Gail (17 Oct 2011)
"An Energy War for the Mideast Resources.  Does the Mark of the Beast in the book of  Revelation, mean an Energy Based Currency?"

From my post Oct.12-
Tiny Qatar’s Big Plans May Change Mideast: Oct.4/2011
Qatar has several assets that turn out to be in short supply elsewhere in the Middle East and to be of strategic value, given the tumult in the region.

First, it is home to al-Jazeera, the Arabic-language news network that has transformed how Arabs get their news.

International Monetary Fund released data demonstrating that Qatar is the richest country in the world.

Qatar’s natural-gas reserves of more than 900 trillion cubic feet are the third-largest in the world, and the country is reaping the benefits of an ambitious program to monetize those resources. Estimates suggest earnings from its liquefied natural-gas in 2011 will increase by more than 50 percent from last year.

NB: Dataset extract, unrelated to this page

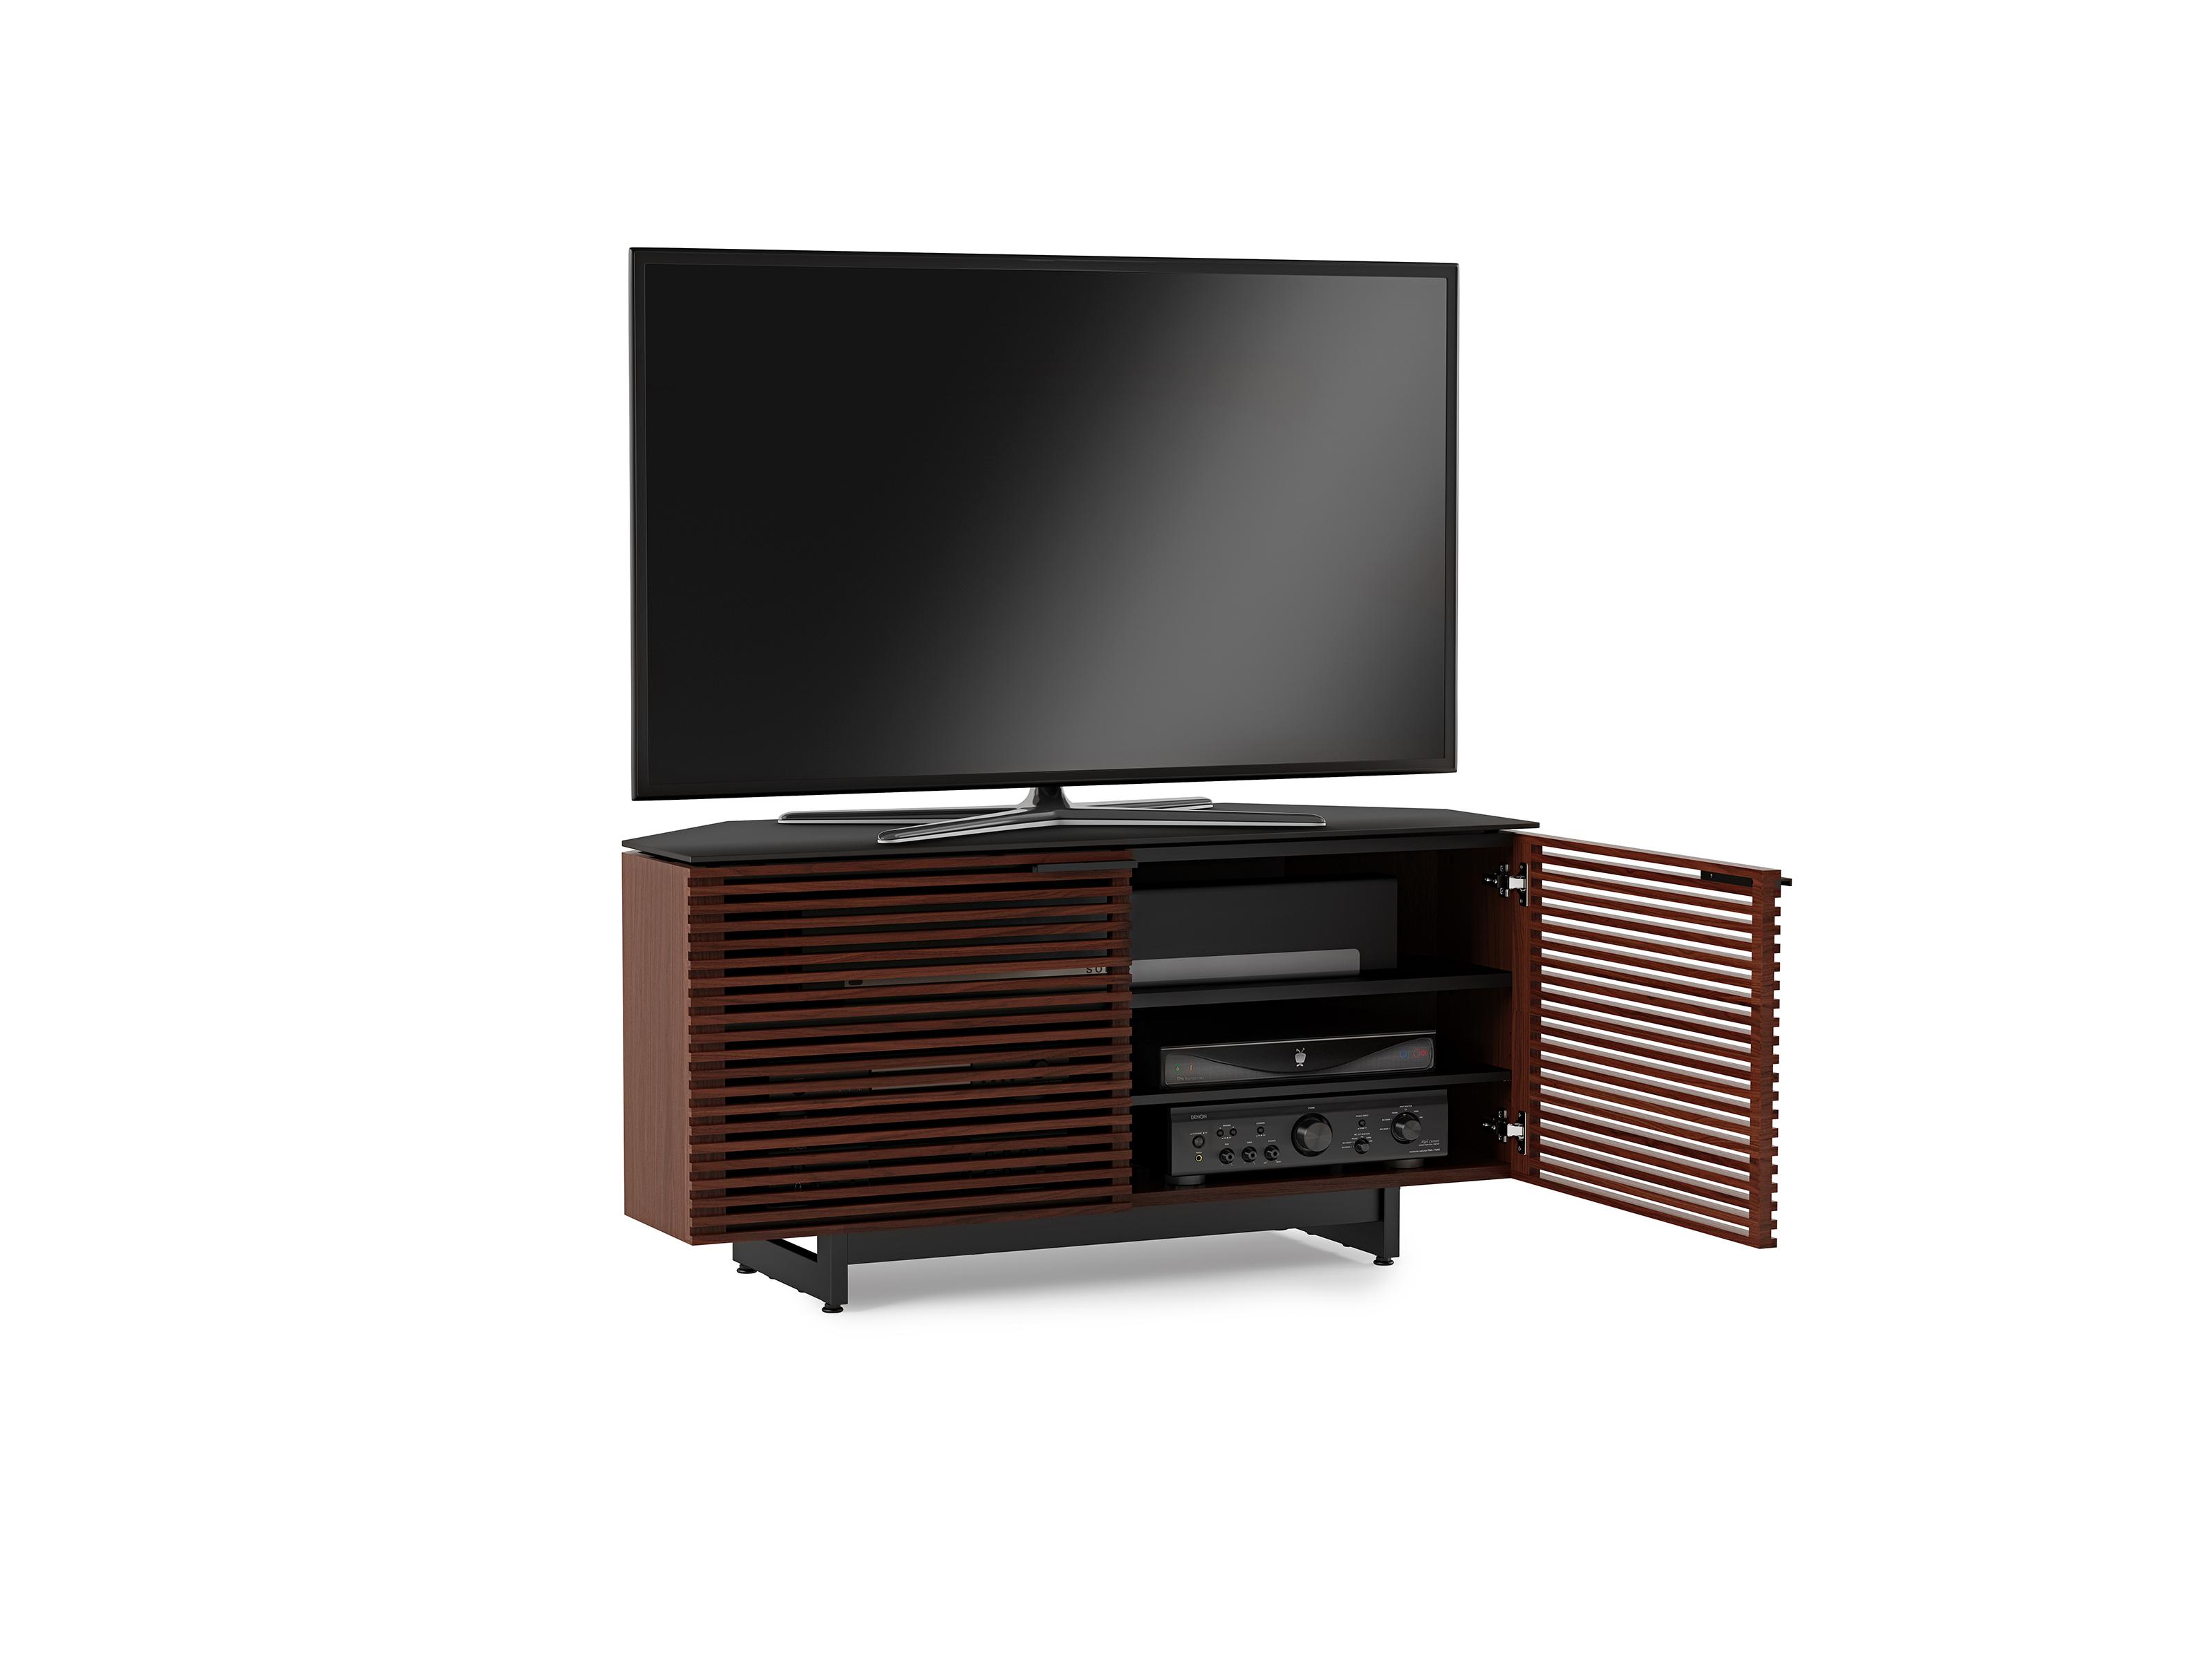 Corridor 8175 Corner Tv Stand Media Console Bdi Furniture

Qatar is now turning to strategic investments in companies and countries with which it intends to build cooperative ventures and wield influence.

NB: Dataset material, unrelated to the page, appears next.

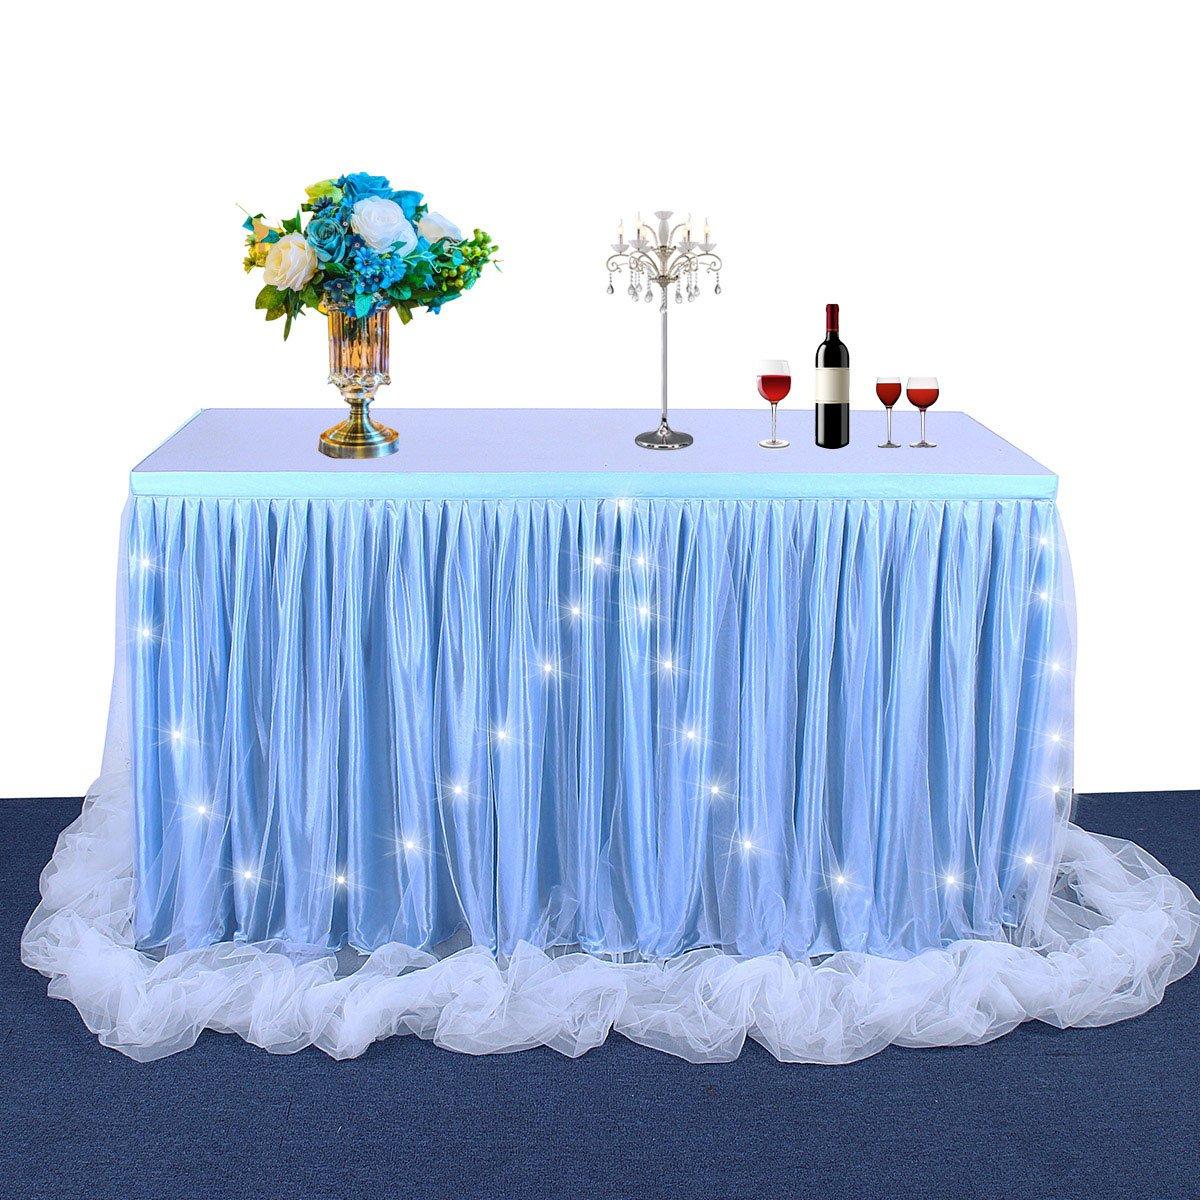 HBBMagic Falda de Mesa LED 6 pies de Tul Rosa Falda de Mesa Mesa de tut/ú Falda para rect/ángulo o Mesa Redonda para Baby Shower Boda y Fiesta de cumplea/ños

A Qatari-Libyan gas partnership would help Qatar address one of its primary strategic worries: the loss of markets for its gas in Europe.

The U.S. needs to build and strengthen new strategic partnerships with regional actors, especially those that have the resources and imagination to shape events beyond their borders. Qatar should be on or near the top of the list.


The AntiMessiah is in regular contact with Qatar.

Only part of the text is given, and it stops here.